ATOS INTERESSEIROS defendem desacatos politiqueiros e se vendem aos peculatos marreteiros, porém se rendem aos fatos verdadeiros. Vale ser ressaltado, a bem da verdade, ao contrário, afinal, do que foi declarado, com parcialidade, por um afoito mandatário sindical, e publicado no noticiário de “O Liberal”, no dia 03/07/2008: quem se empenhou, até o final, em manter um bom princípio que convém, de fato, ao bom fim, para revidar o desacato que deixou ruim a situação do Serviço Móvel de Urgência de Belém (SAMU), foi a Associação dos Servidores do SAMU-Belém, em união com o Sindicato de Servidores de Saúde do Município (SINDSAÚDE), e não o Sindicato dos Médicos, cuja interessada diretoria considerava ser “politicamente acertado” defender uma “empossada confraria” e não mais criticava o ex-(des)governo negligente do Estado, anteriormente tão criticado. Com relação à Santa Casa, é bom ser ouvida uma lição eficiente do passado, na voz da experiência do Dr.

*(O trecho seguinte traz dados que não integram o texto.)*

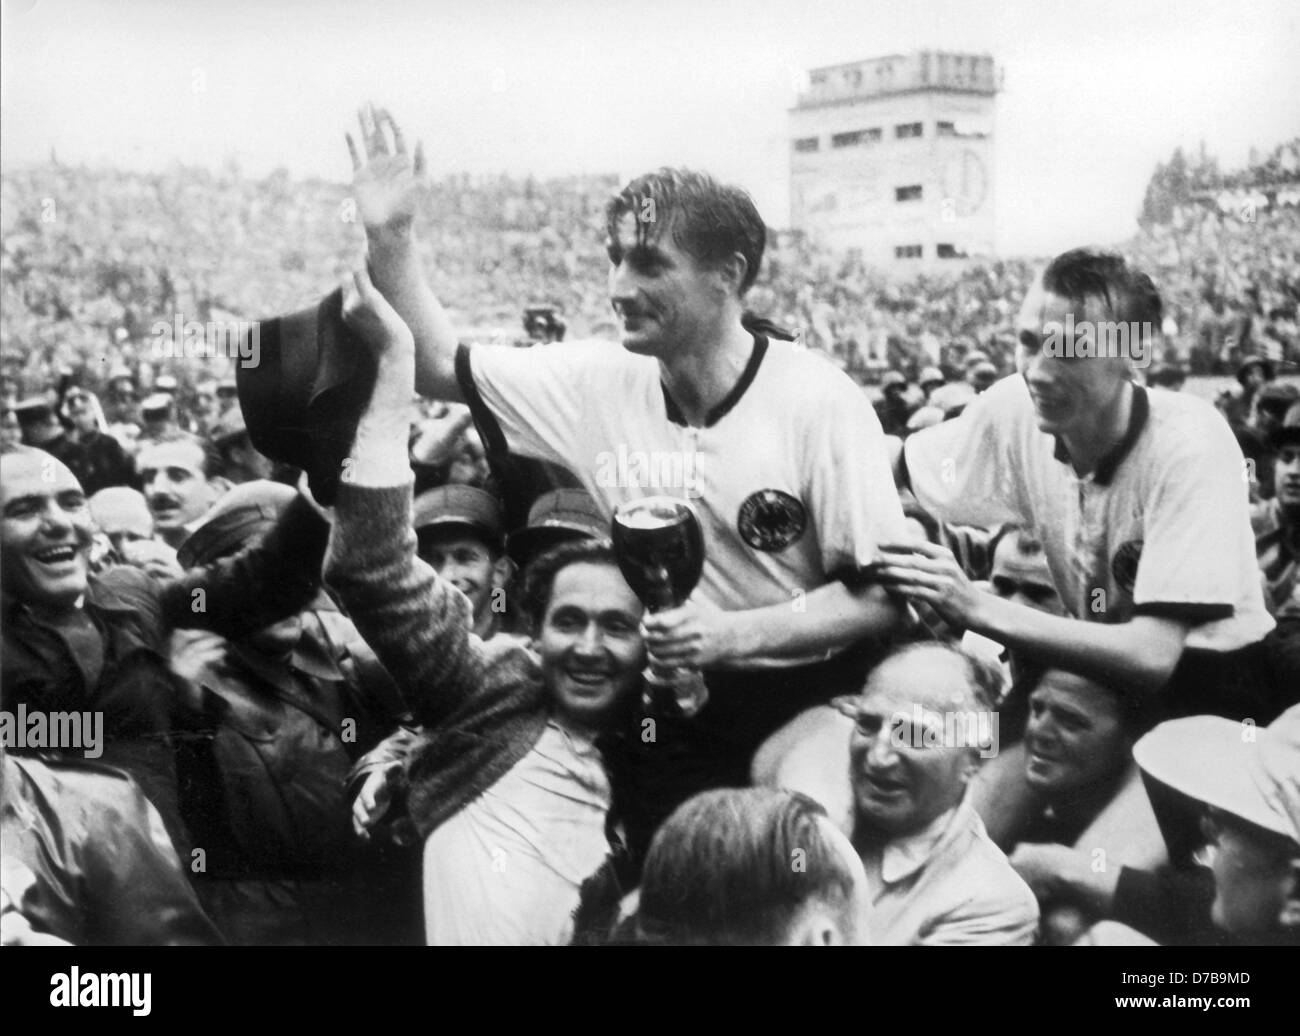 joueur-de-football-allemand-fritz-walter-c-tenant-la-tasse-dans-ses-mains-et-horst-eckel-r-sont-menees-sur-les-epaules-de-leurs-fans-apres-l-equipe-allemande-a-remporte-le-dernier-match-face-a-la-hongrie-lors-de-la-coupe-du-monde-1954-a-berne-en-suisse-le-4-juillet-en-1954-d7b9md.jpg

Hélio Franco, ex-presidente da sofrida instituição estadual, para que, no presente, surja o legado de uma gerência analítica necessária para o hospital voltar a receber a devida premiação (ao invés de acusação) internacional. Para ele, o segredo simplório, sem medo do inquisitório, é uma gestão libertária, desprovida de “interferência política partidária”. Realmente, a solução para o atual revés é uma eficiente administração, livre da influência raquítica sectária. Isso poderá gerar uma eficiência verídica e solidária, para o rebuliço se acalmar na Santa Casa, atualmente vitimada pela decadência fatídica mandatária e da falência holística orçamentária. A teoria condizente, transformada em prática, seria uma tática decente a ser bem utilizada, para conter a “confraria” inspirada nos malefícios da crítica ordinária, interessada nos benefícios da política partidária.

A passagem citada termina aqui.